No, you can't access one process' address from another process. That's what your OS is "protected" against! Look into "virtual memory"...
In short, the string may exist at 0x08048520 in your C program - that's the "virtual address". It exists at some location in actual physical memory - but that isn't the address.
Your asm program, when it's running, starts at 0x8048080 virtual address (if it were longer, it would encompass 0x8048520) - same virtual address, pretty much, as your C program. It, too, exists at some location in physical memory - but not the same place as your C program, obviously(?).

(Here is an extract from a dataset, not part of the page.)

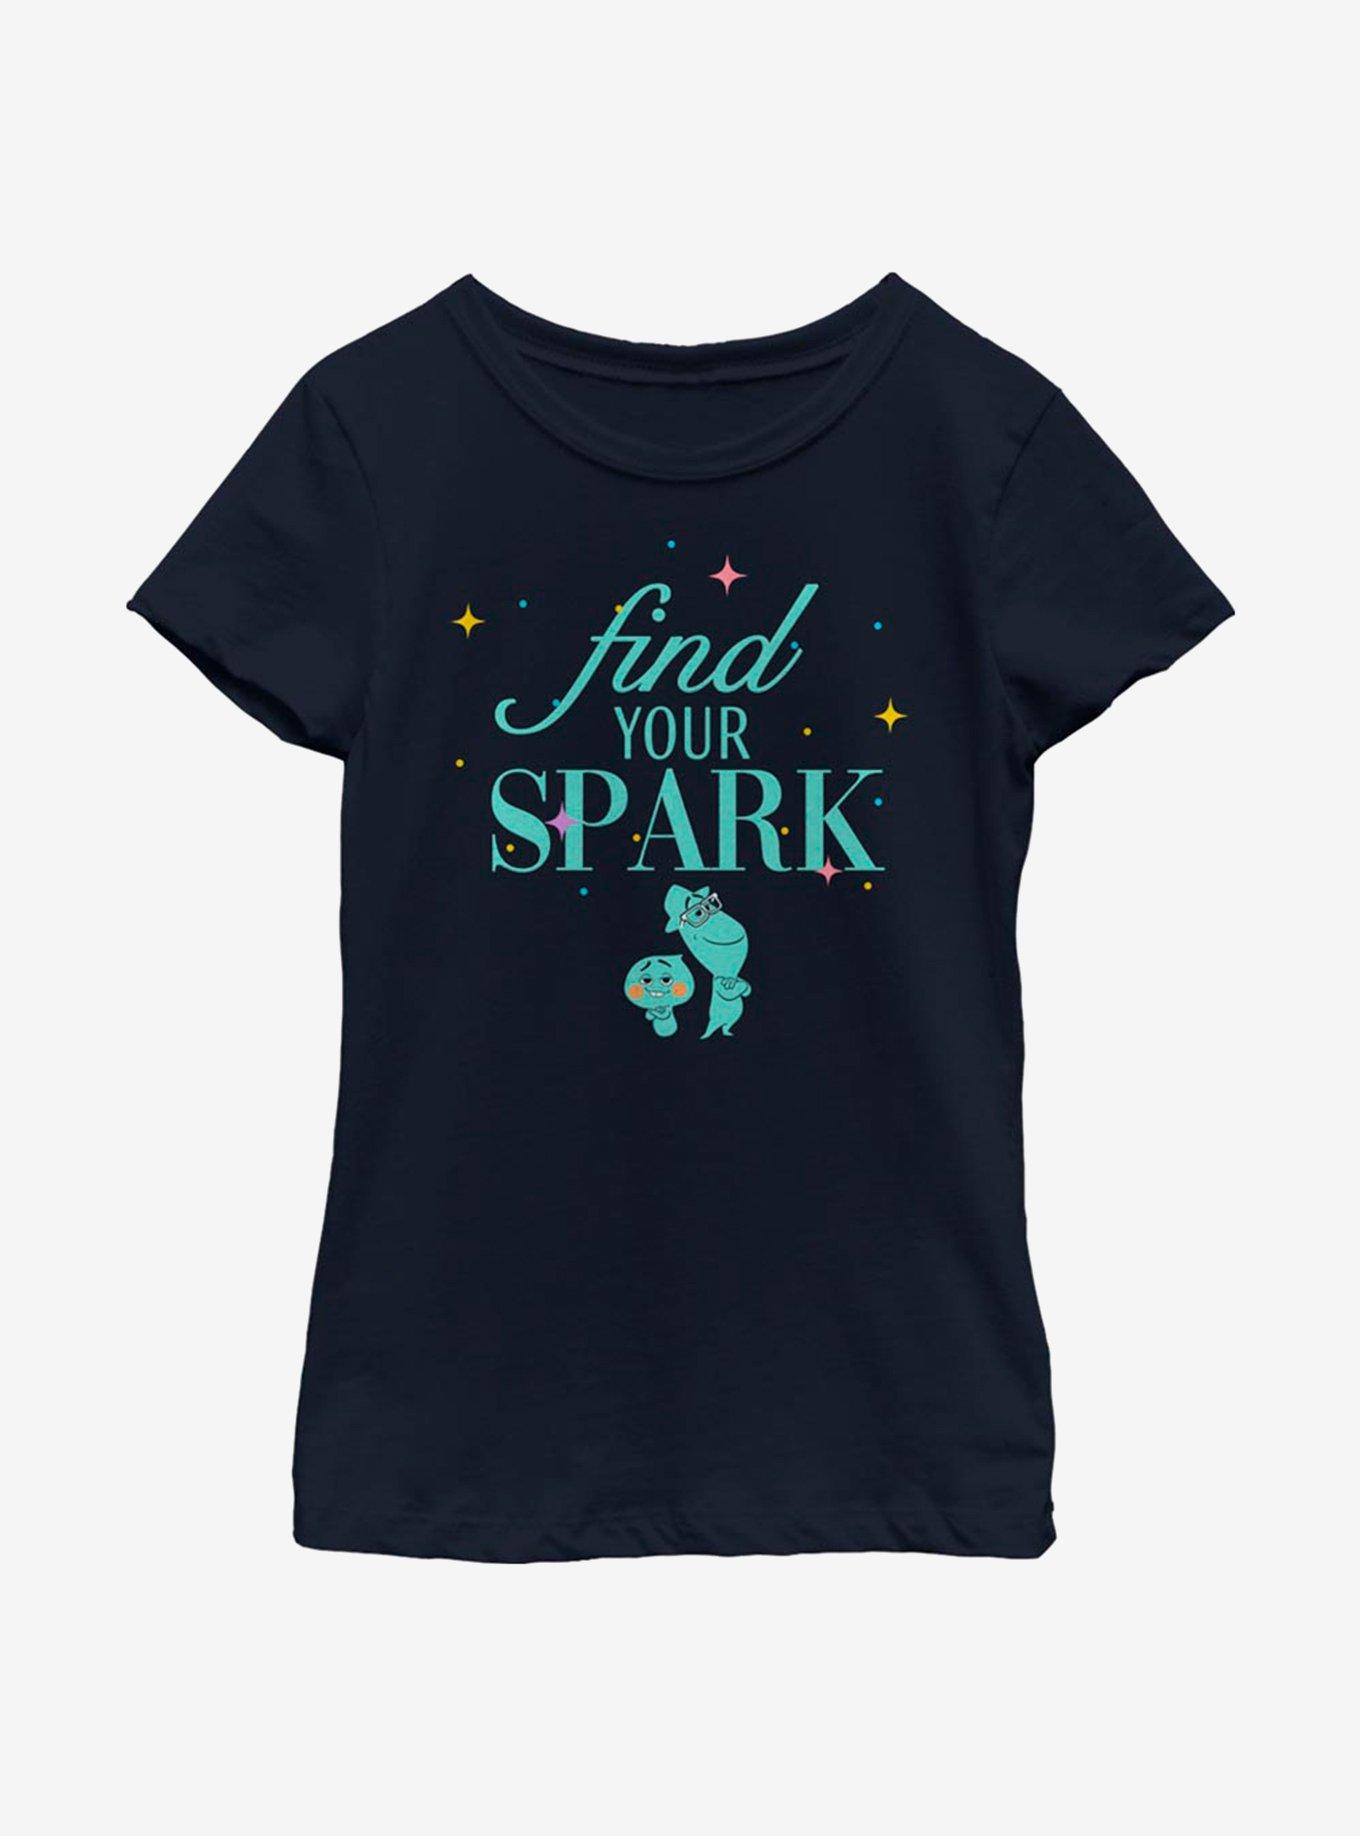 Disney Pixar Soul Find Your Spark Youth Girls T-Shirt, NAVY, hi-res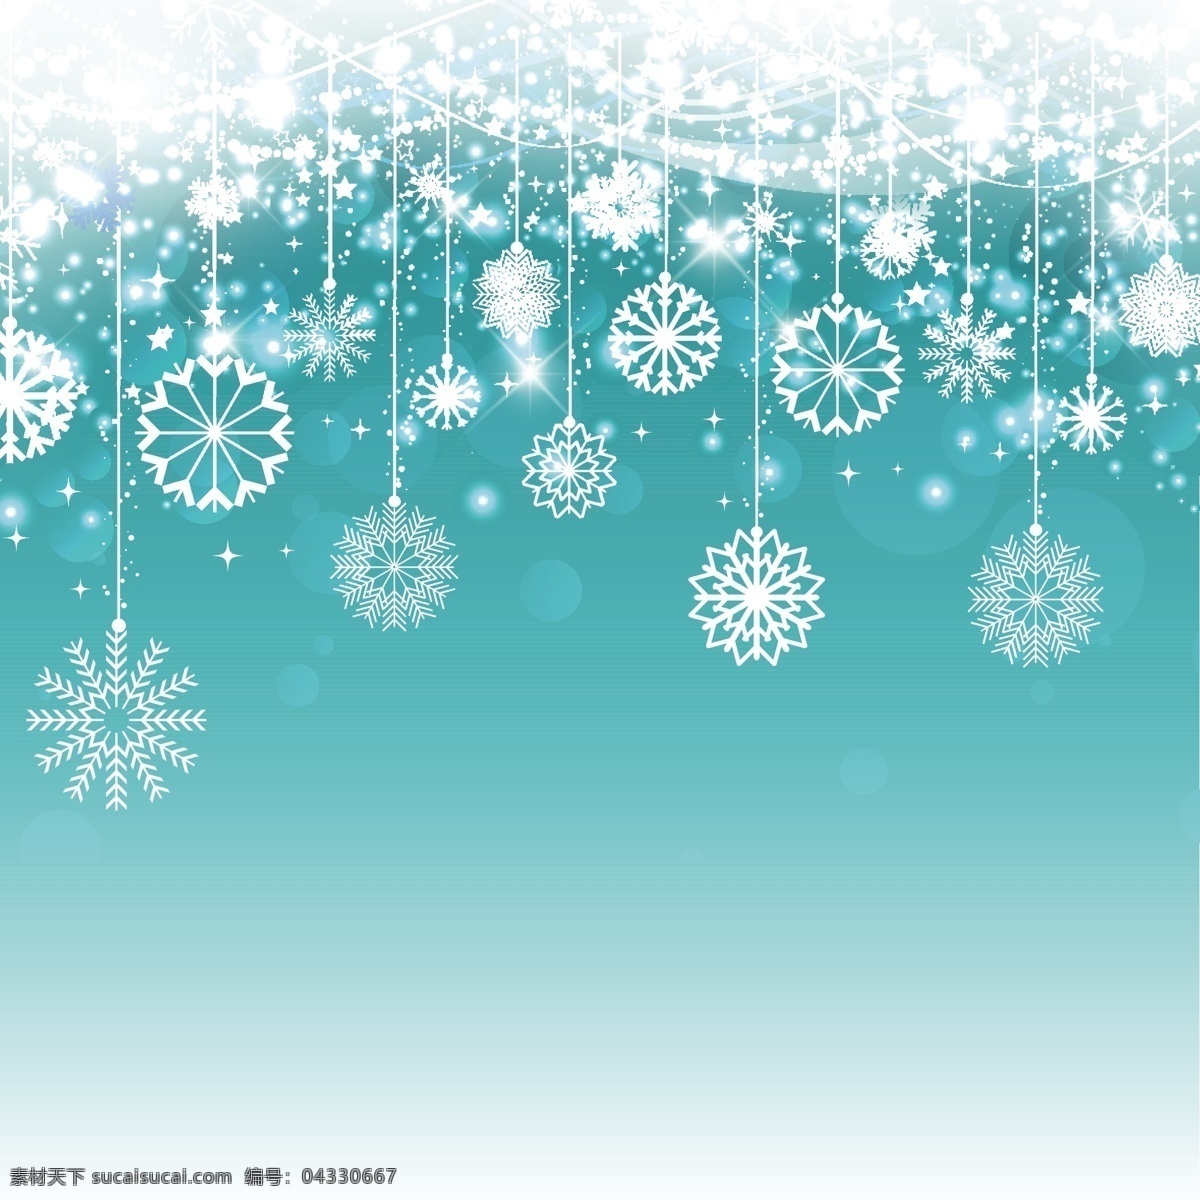 圣诞 雪花 蓝色 背景 圣诞节 抽象 几何 圣诞快乐 冬季 快乐 庆祝活动 假日 节假日

This "virtual memory" magic is accomplished by "paging"... AOD must have a tutorial on it. In short, the virtual address acts as an index into "page tables" which locate the actual physical address. This mechanism can also make memory "read only"...
As it happens, 0x8048520 is in "read only" memory. "Your" memory, as created by the paging mechanism when the program loads, starts at 0x8048000 - first there's a header, and your program starts at 0x8048080 (plus or minus, depending on the length of the header). If your little asm program had a .data (readable/writeable) section, it would start on the next page - 0x8049xxx, the xxx being the length of your code (plus any data you've put in the code section) plus some alignment padding. Here, you can write - up to 0x8049FFF (or more, in a bigger program). This is the "break", and you'll segfault if you go beyond it. You also get a stack (read-write, of course), starting at 0xC0000000 (in both your C and asm programs!) and working downward - 0xBFFFxxxx when we get it, depending on how many environment variables and command line parameters you've got (they're on the stack). The paging mechanism expands the stack (downward) as needed, so you won't run out of stack space for a long, long, time.
Your C program has apparently put your "const" string in a "section .rdonly" - on the same read-only page as your code, so you wouldn't be able to write to it even from the same process... I notice gcc has changed your "printf" to a "puts" - uppity little rascal, ain't it?
So that's why you're getting the segfault, and why you can't access the stack of another program. Look on the bright side - other programs can't scribble on your memory, either!